Вызов свидетелей был завершен. Председательствующий подвел итоги, и присяжные удалились для совещания. В зале зашевелились. Загудели голоса. Единственными, кто продолжал сидеть молча, были обитатели Леттер-Энда. Они не разговаривали между собой. Джулия бросила исподтишка взгляд на Минни и подумала: «Только бы она не потеряла сознание!» Джимми Леттер ни на кого не глядел. Он сидел с краю в первом ряду. Слева от него находилась стена, от которой пахло сосной и лаком, справа – Энтони, так что присутствующим был виден только его затылок и часть щеки. Он сидел с опущенной головой, уставившись в дощатый пол. Доски рассохлись, и в щелях скопилась пыль. Из пыли вылез маленький паучок, побежал по половице и вдруг замер, притворившись мертвым. Джимми следил за ним с напряженным вниманием: двинется он дальше или так и будет лежать, не шевелясь? Что заставило его вылезти из щели и почему он вдруг решил притвориться мертвым? Что вообще заставляет живые существа поступать так, а не иначе? Что заставило Лоис попытаться отравить его?
Паучок встрепенулся, пробежал еще немного и снова замер. Джимми упорно продолжал следить за ним. Присяжные отсутствовали не более четверти часа. Председательствующий – огромный, добродушного вида фермер – объявил принятое решение голосом торжественным и громким. Он читал по бумаге, которую держал в руках:
– Мы пришли к заключению, что смерть женщины произошла в результате отравления морфием; что морфий находился в кофе, куда она добавила его с намерением отравить своего мужа; что мисс Мерсер переменила чашки без злого умысла и не может нести ответственности за случившееся. Мы желаем подчеркнуть также, что считаем, что все необходимые меры предосторожности при обращении с ядом ею были приняты, и она не несет никакой ответственности за происшедшее.
Кто-то захлопал в ладоши и тут же был призван к порядку следователем.
– Значит, ваш вердикт – несчастный случай?
– Да, сэр. Но мы желали бы, чтобы было записано, что в этой смерти винить некого. И если можно, мы желали бы выразить свое сочувствие мистеру Джимми Леттеру.

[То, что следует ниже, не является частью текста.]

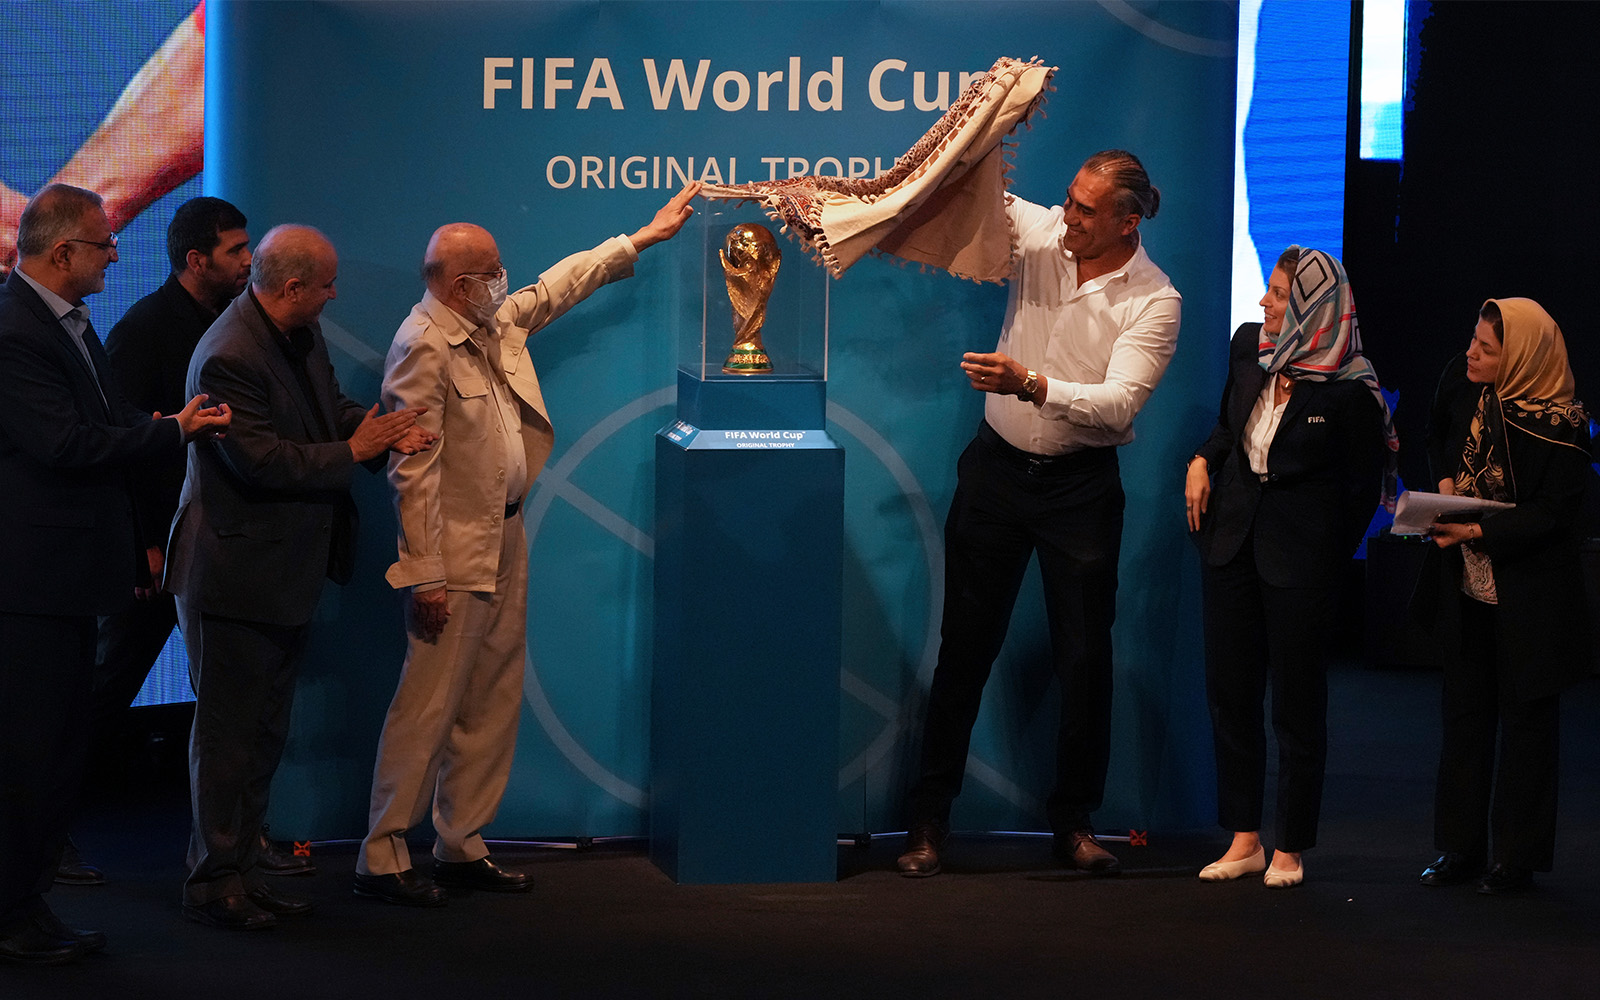 In first, Iran displays FIFA World Cup trophy during pre-tournament global tour The Times of Israel
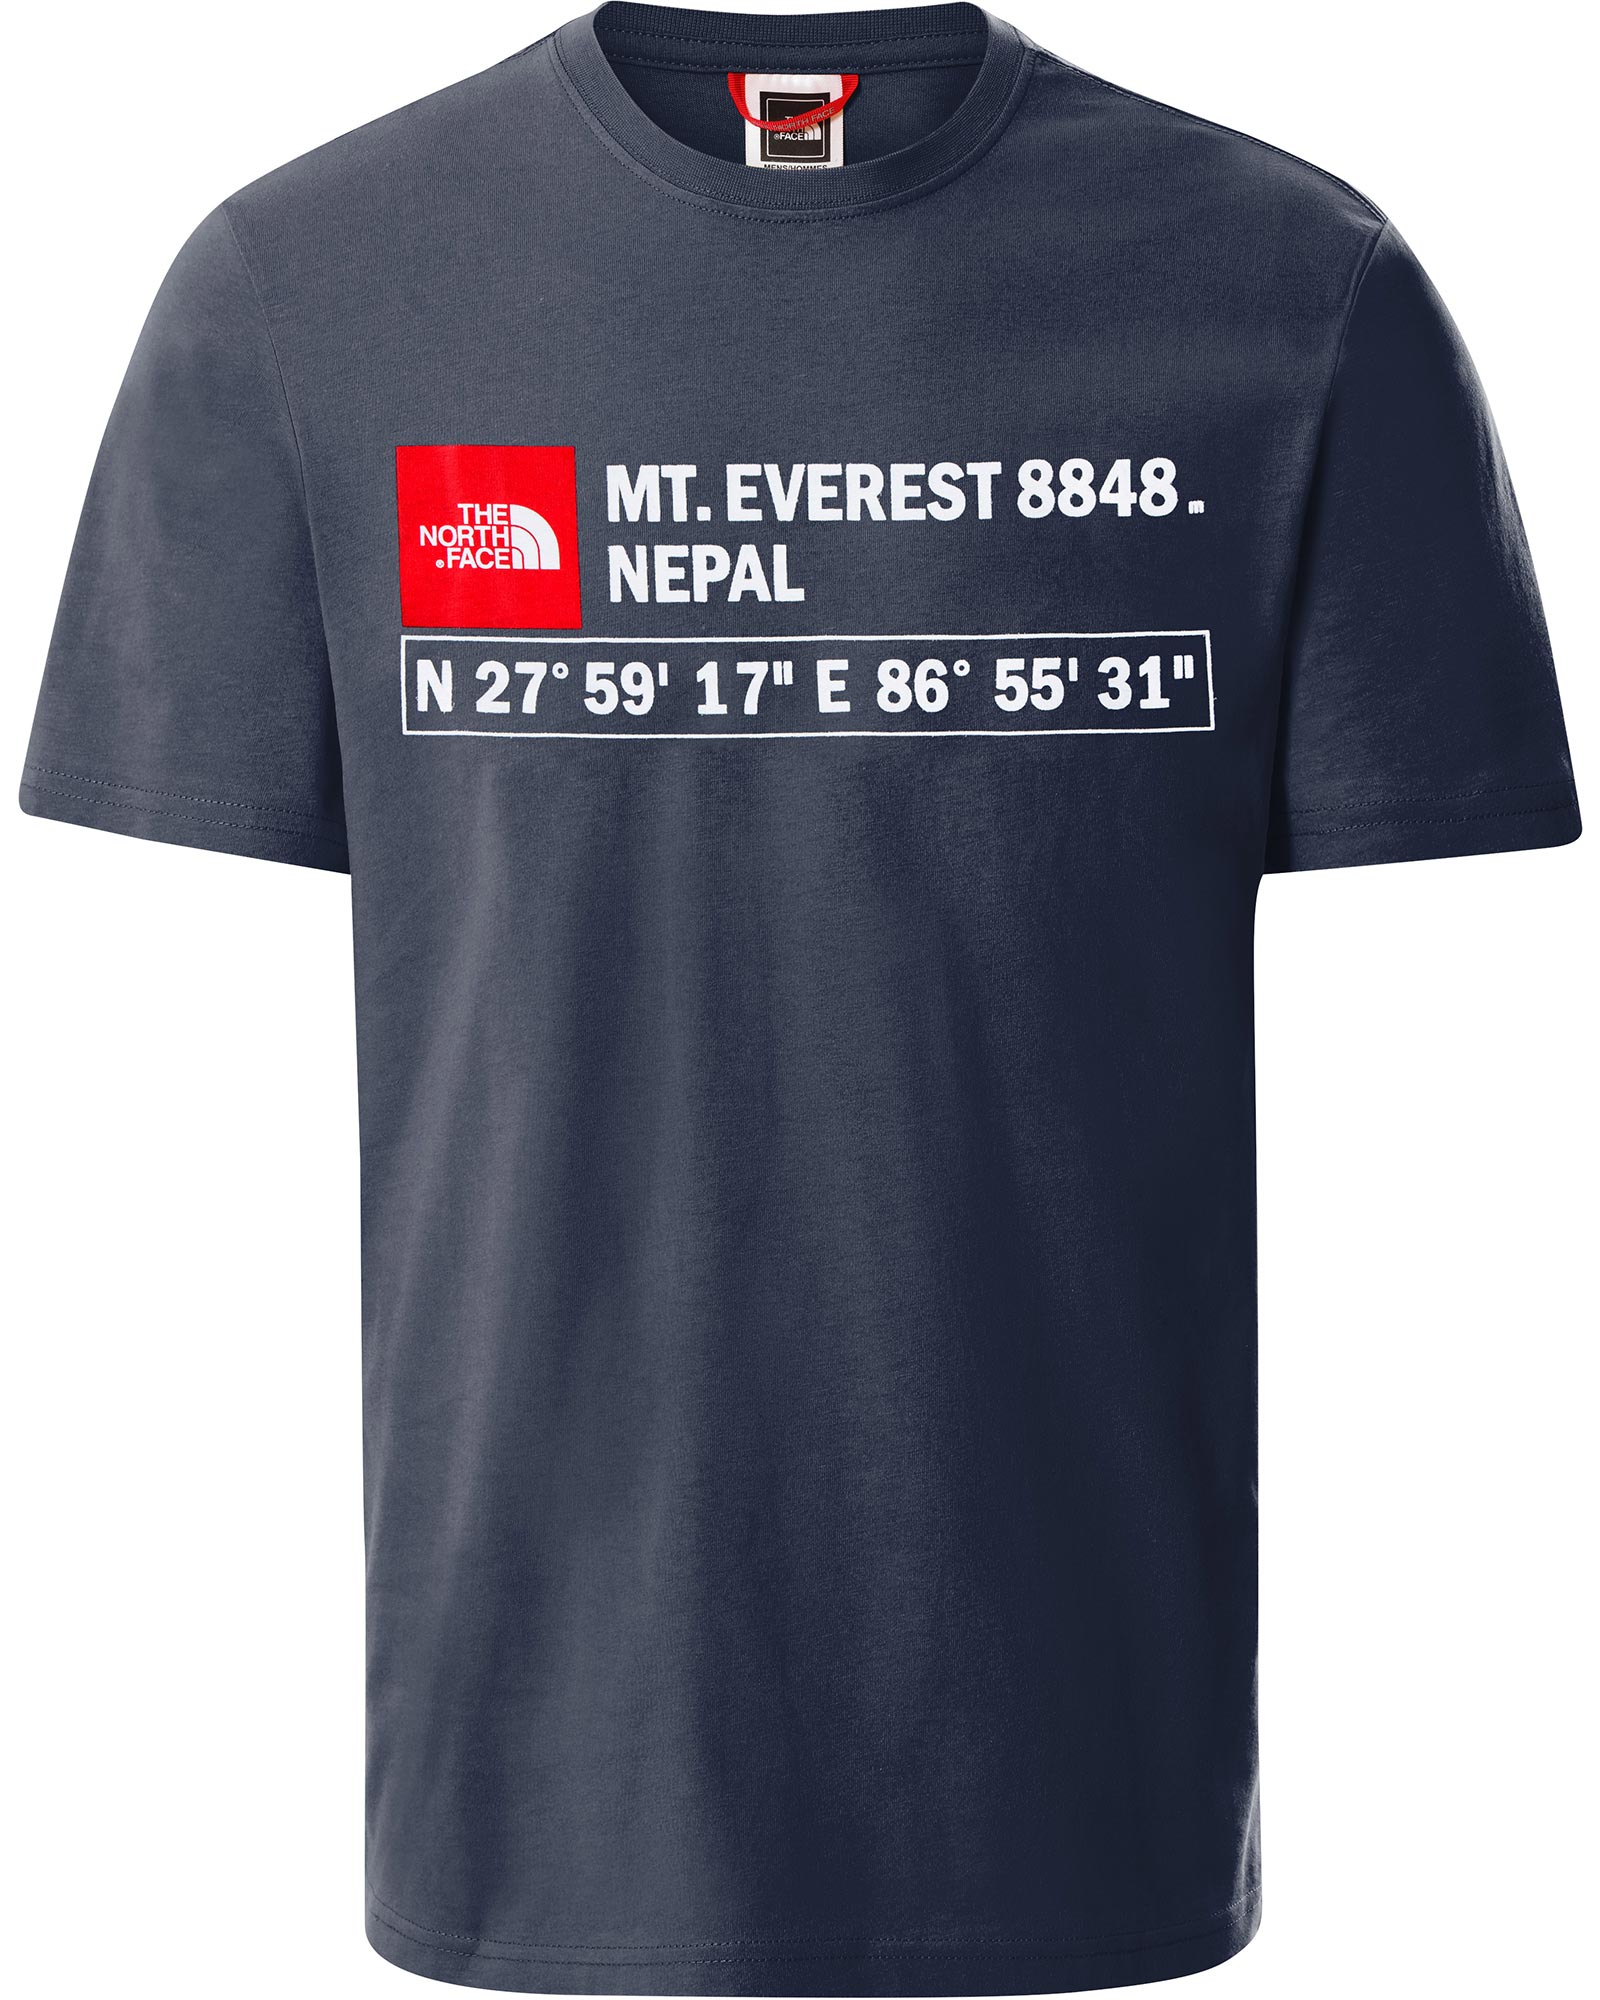 Product image of The North Face Mt everest GPS Logo Men's T-Shirt

Джимми поднялся и вышел через боковую дверь. С ним вышел и Энтони. Вскоре за ними последовали остальные члены семьи. Другие обитатели деревни долго еще занимались обсуждением самого значительного события, которое случилось в их местах с тех самых пор, когда солдаты генерала Кромвеля устроили конюшню в сельской церкви.
Глава 39
Энтони вышел из кабинета к ожидавшим его Джулии и Минни. Он, казалось, находился в нерешительности по поводу того, стоит ли говорить о просьбе Джимми. Похоже, силы Минни были на исходе.
– В чем дело? – спросила Джулия, и Энтони обратился к ней:
– Он хочет видеть Минни, по не знаю, хватит ли у нее сил на это свидание.
Минни с усилием выпрямилась. Когда кажется, что у тебя уже нет сил, то всегда обнаруживаешь, что какие-то силы все-таки еще остались. Для Джимми она их в себе нашла.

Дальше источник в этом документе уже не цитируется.